• [PROBLEM DETAILS]: In the copy, keep every word of the data below and none of its pictures.

• [Dataset entries]:

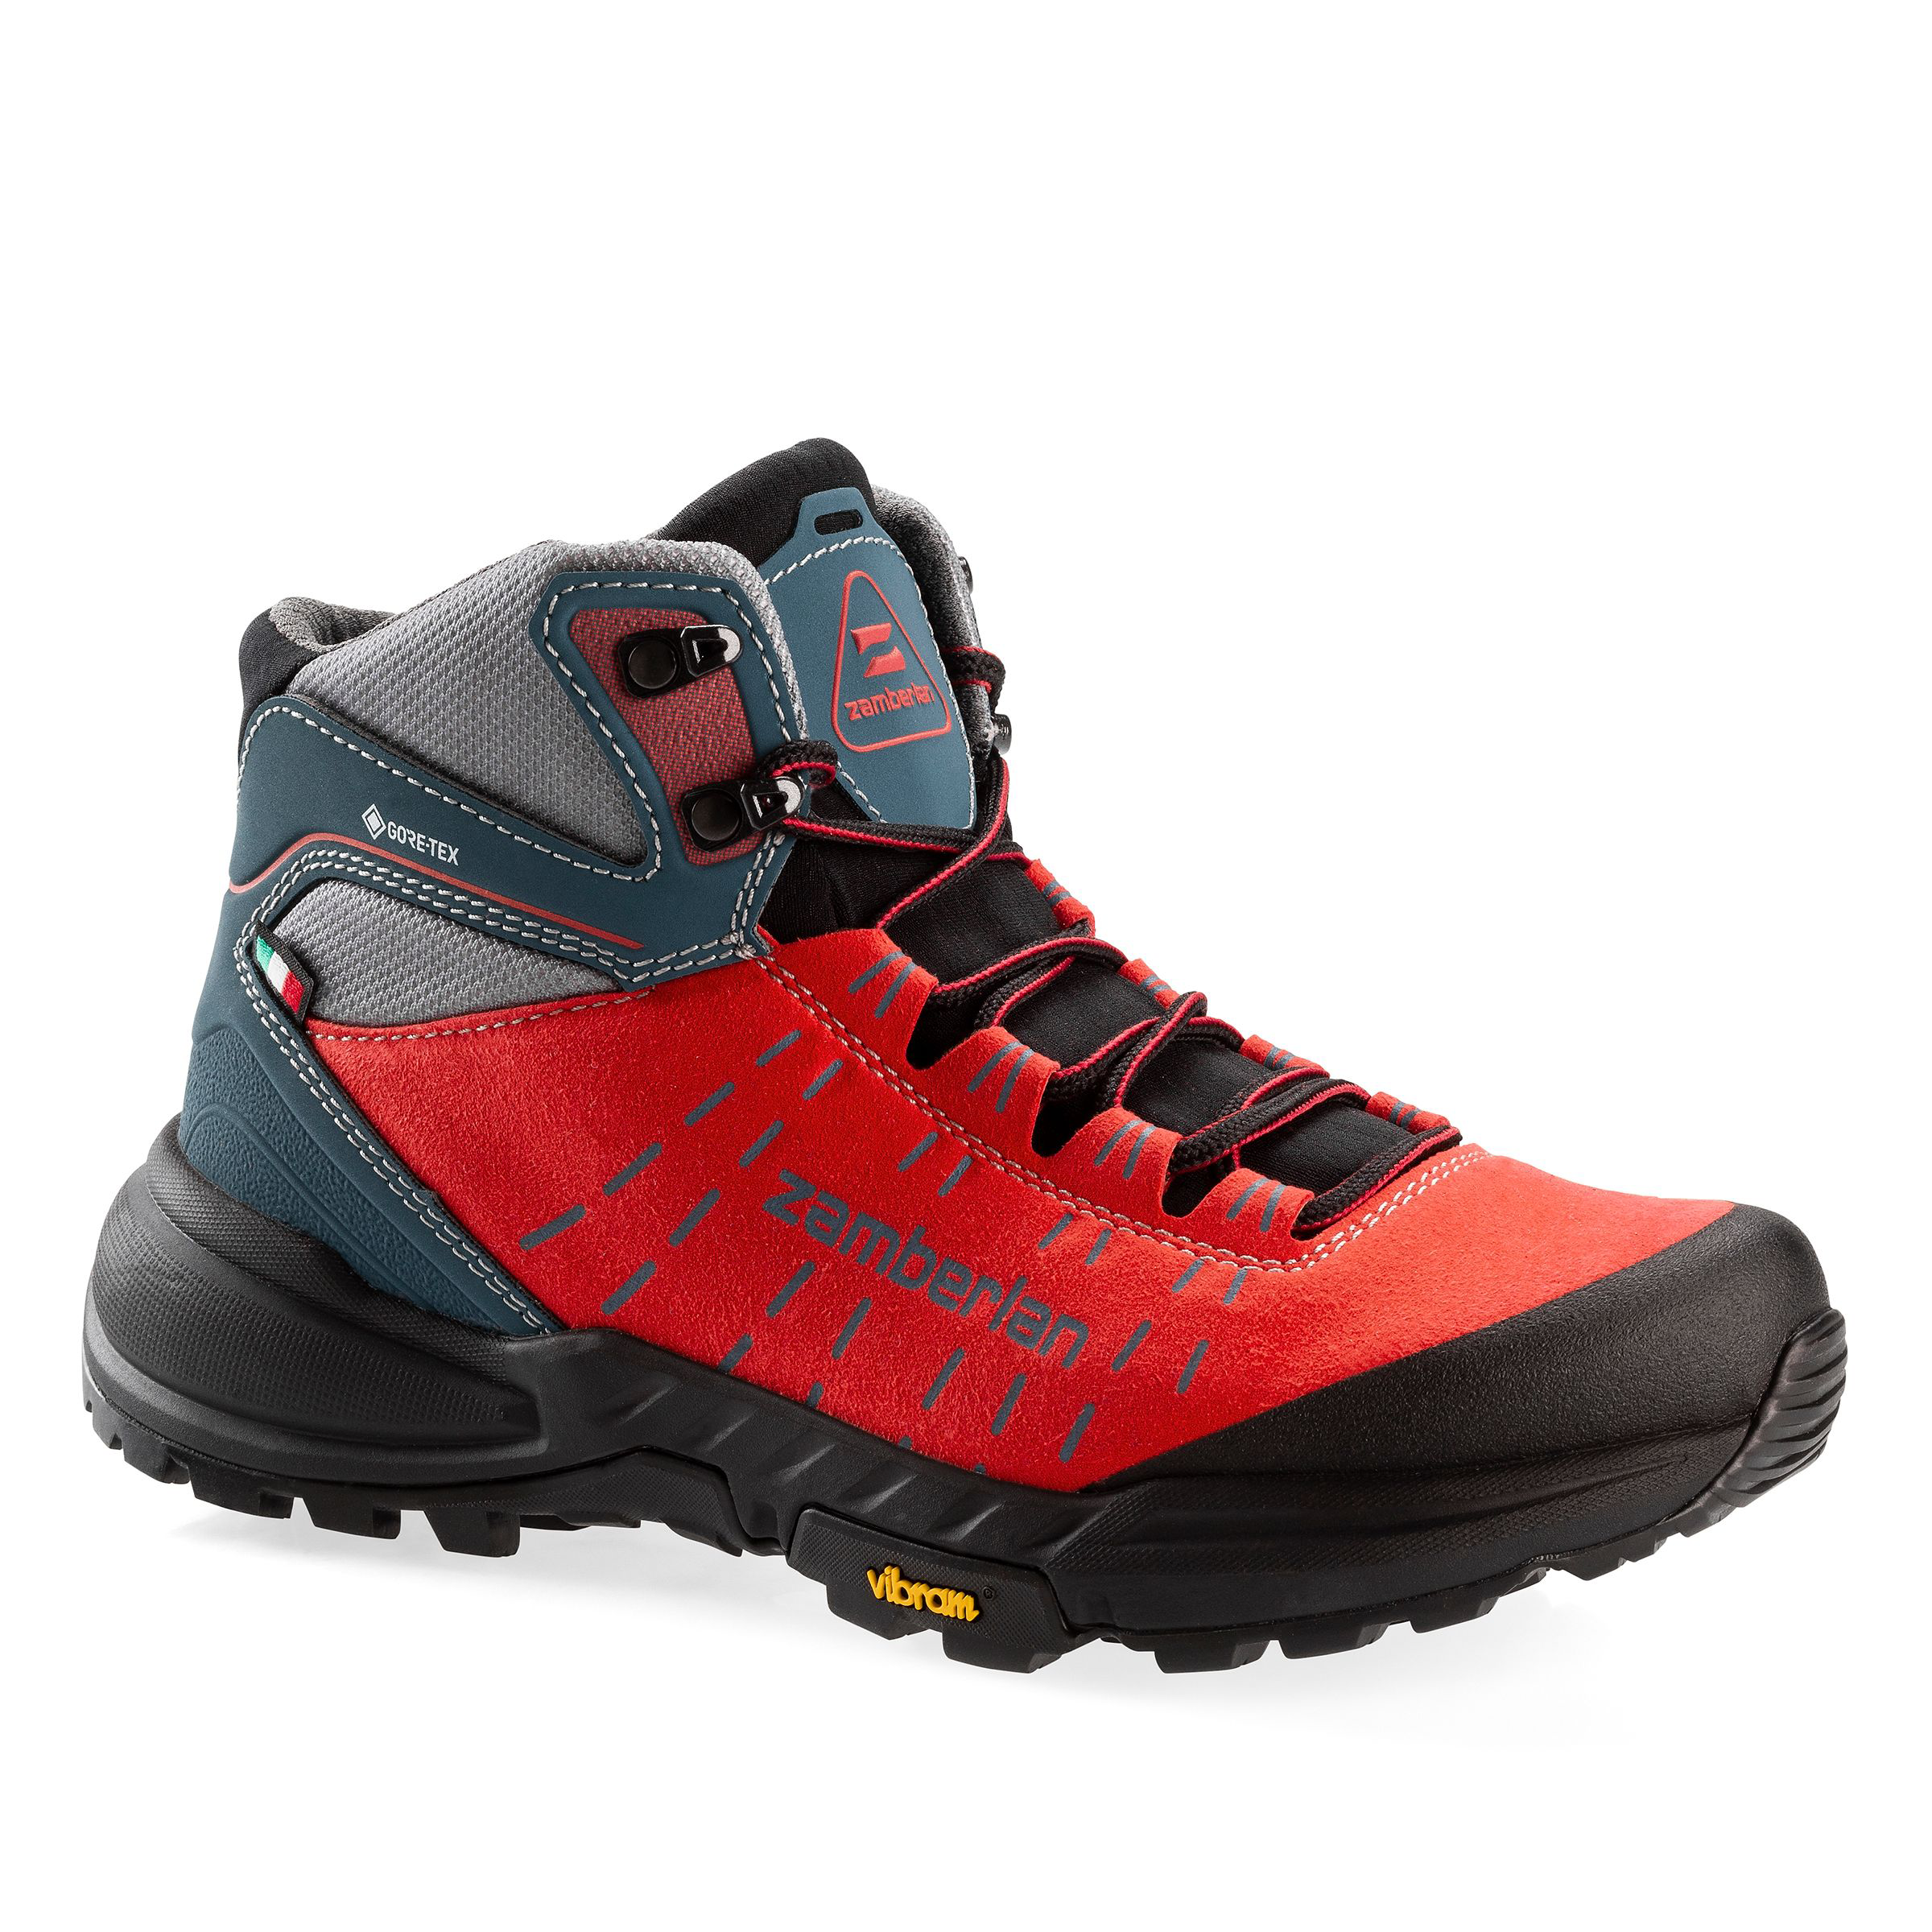 Zamberlan 334 Circe GTX Waterproof Hiking Boots for Ladies - Red - 8M
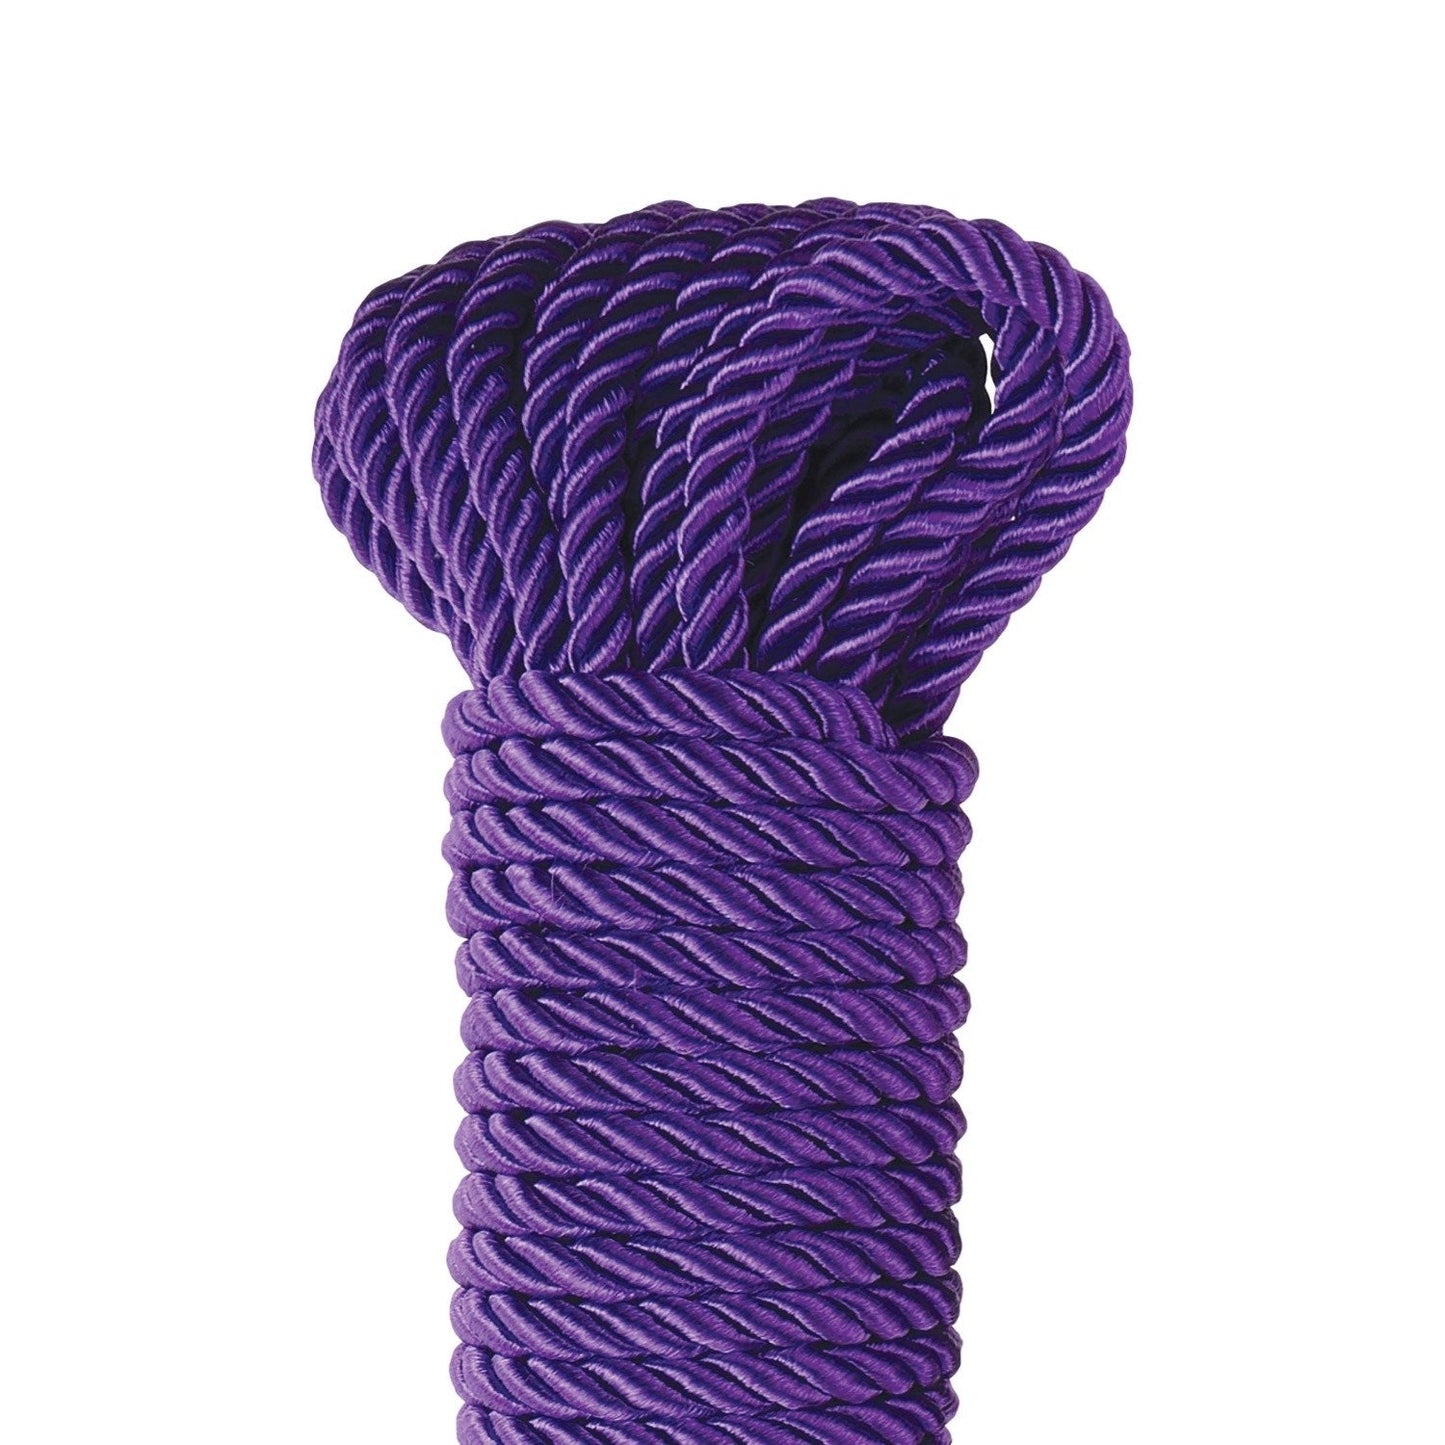 Deluxe Silky Rope - Purple Bondage Rope - 9.75 m Length
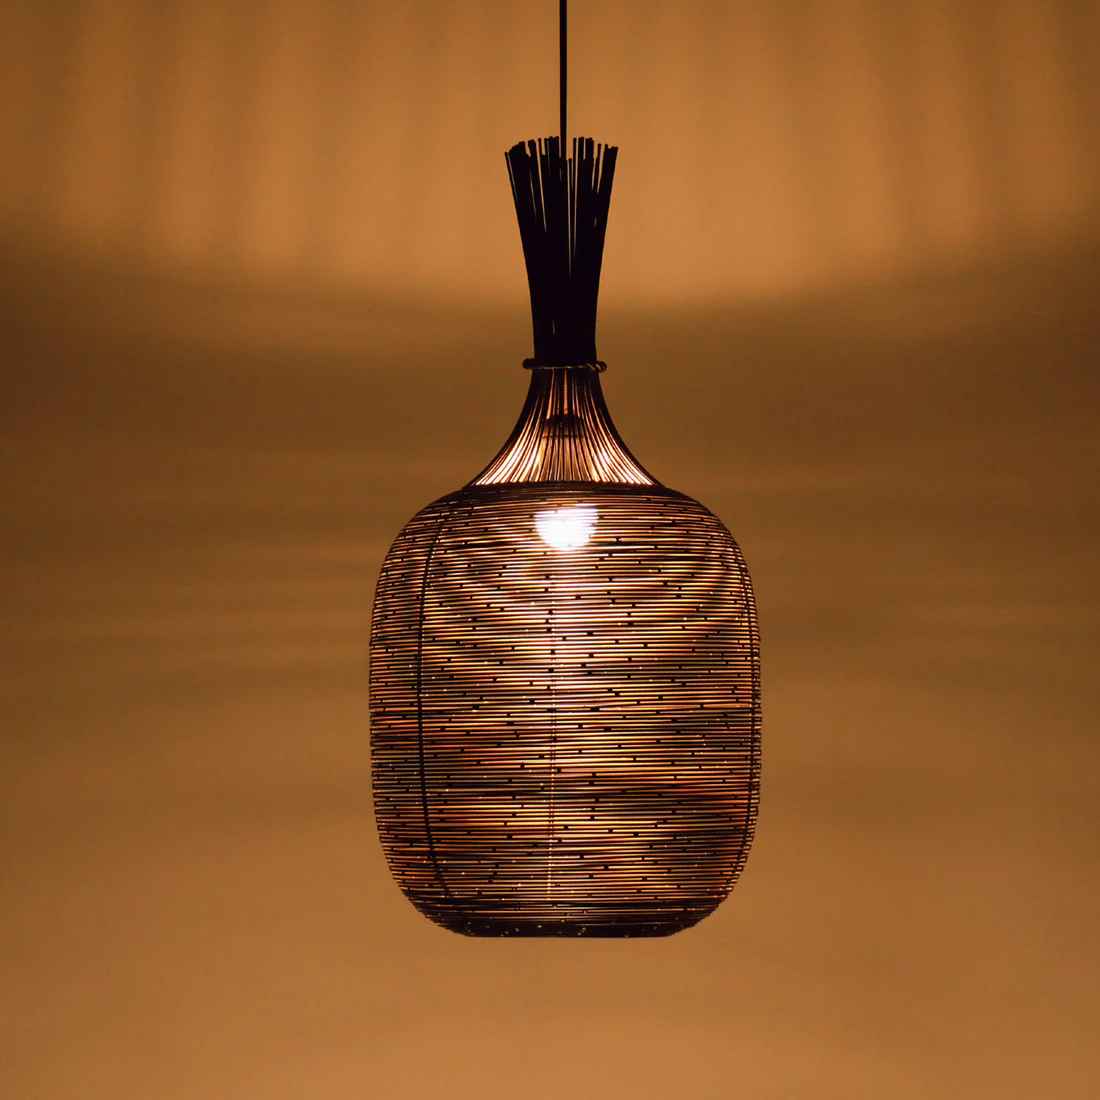 Klec Bottle Hanging Lamp
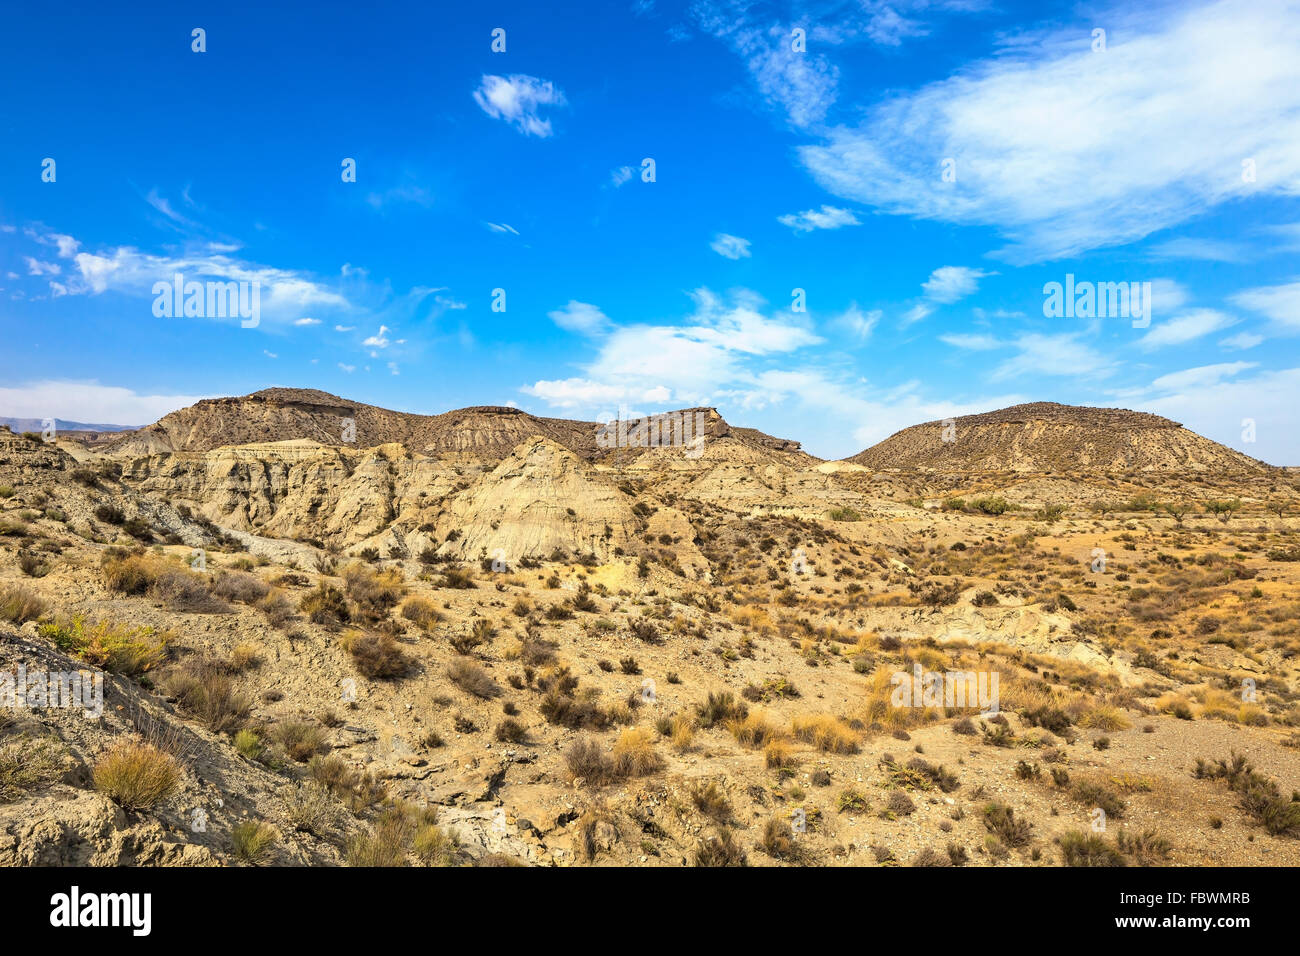 Tabernas desert mountains, in spanish Desierto de Tabernas. Europe only desert. Almeria, andalusia region, Spain. Protected wild Stock Photo
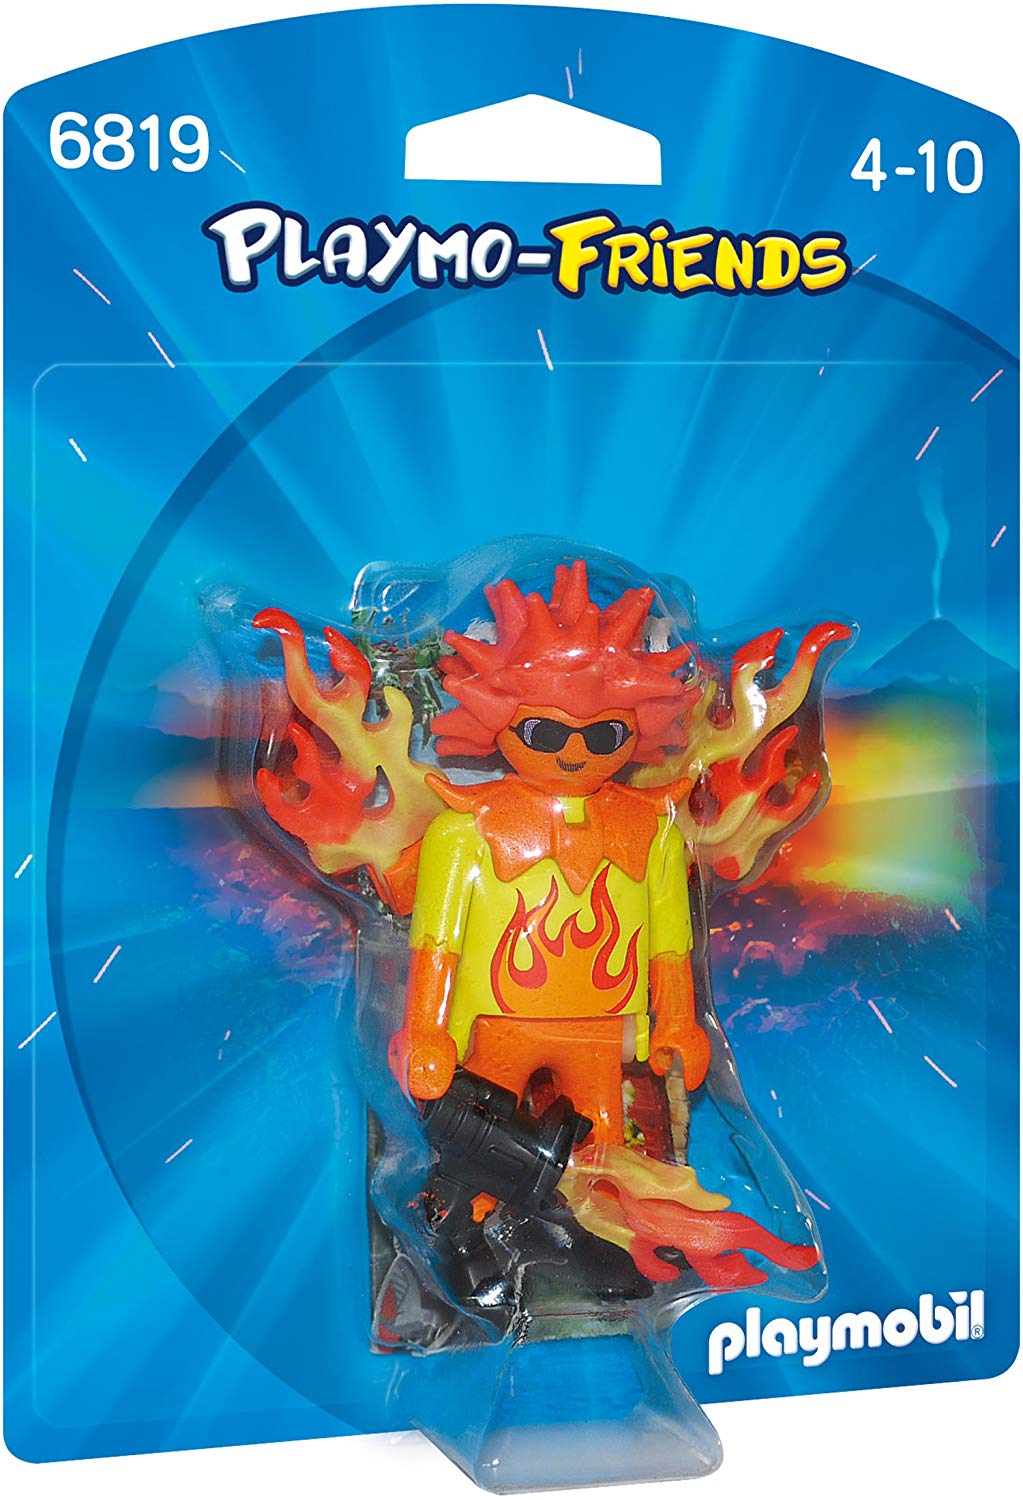 Playmobil Playmo Friends Flame Warrior Figure

• [OUTPUT OF THE EXERCISE]:
 Zamberlan 334 Circe GTX Waterproof Hiking Boots for Ladies - Red - 8M
 Deluxe Silky Rope - Purple Bondage Rope - 9.75 m Length
 Klec Bottle Hanging Lamp
 Tabernas desert mountains, in spanish Desierto de Tabernas. Europe only desert. Almeria, andalusia region, Spain. Protected wild Stock Photo
 Playmobil Playmo Friends Flame Warrior Figure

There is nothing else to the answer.